Search code examples
pywikibot

How to detect maxlag exception in pywikibot


I am developing a Wikipedia bot to analyze editing contributions. Unfortunately, it takes hours to complete a single run and during that time Wikipedia's database replication delay—at some point during the run—is sure to exceed 5 seconds (the default maxlag value). The recommendation in the API's maxlag parameter is to detect the lag error, pause for X seconds and retry.

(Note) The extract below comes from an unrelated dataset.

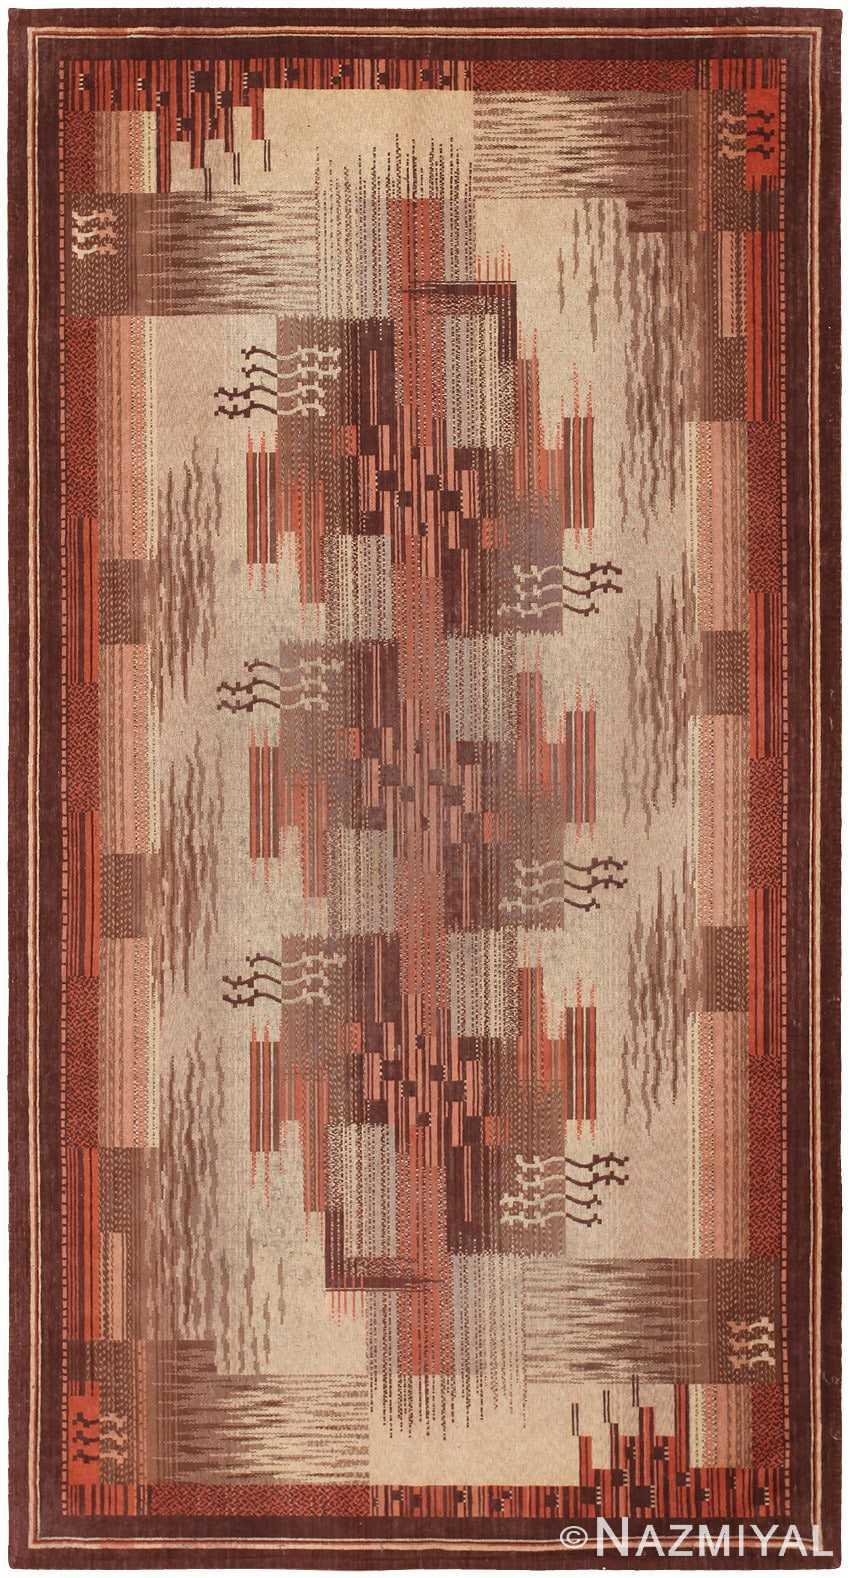 Antique French Art Deco Textile 46878 Nazmiyal

But all I am doing is reading contributions with:

usrpg = pywikibot.Page(site, 'User:' + username)
usr = pywikibot.User(usrpg)
for contrib in usr.contributions(total=max_per_user_contribs):
    # (analyzes contrib here)

How to detect the error and resume it? This is the error:

WARNING: API error maxlag: Waiting for 10.64.32.21: 7.1454429626465 seconds lagged
Traceback (most recent call last):
  File ".../bot/core/pwb.py", line 256, in <module>
    if not main():
  File ".../bot/core/pwb.py", line 250, in main
    run_python_file(filename, [filename] + args, argvu, file_package)
  File ".../bot/core/pwb.py", line 121, in run_python_file
    main_mod.__dict__)
  File "analyze_activity.py", line 230, in <module>
    attrs = usr.getprops()
  File ".../bot/core/pywikibot/page.py", line 2913, in getprops
    self._userprops = list(self.site.users([self.username, ]))[0]
  File ".../bot/core/pywikibot/data/api.py", line 2739, in __iter__
    self.data = self.request.submit()
  File ".../bot/core/pywikibot/data/api.py", line 2183, in submit
    raise APIError(**result['error'])
pywikibot.data.api.APIError: maxlag: Waiting for 10.64.32.21:
    7.1454 seconds lagged [help:See https://en.wikipedia.org/w/api.php for API usage]
<class 'pywikibot.data.api.APIError'>
CRITICAL: Closing network session.

It occurs to me to catch the exception thrown in that line of code:

 raise APIError(**result['error'])

But then restarting the contributions for the user seems terribly inefficient. Some users have 400,000 edits, so rerunning that from the beginning is a lot of backsliding.

I have googled for examples of doing this (detecting the error and retrying) but I found nothing useful.


Solution

  • Converting the previous conversation in comments into an answer.

    One possible method to resolve this is to try/catch the error and redo the piece of code which caused the error.

    But, pywikibot already does this internally for us ! Pywikibot, by default tries to retry every failed API call 2 times if you're using the default user-config.py it generates. I found that increasing the following configs does the trick in my case:

    • maxlag = 20
    • retry_wait = 20
    • max_retries = 8

    The maxlag is the parameter recommended to increase according to the documentation of Maxlag parameter, especially if you're doing a large number of writes in a short span of time. But, the retry_wait and max_retries configs are useful in case someone else is writing a lot (As is my case: My scripts just read from wiki).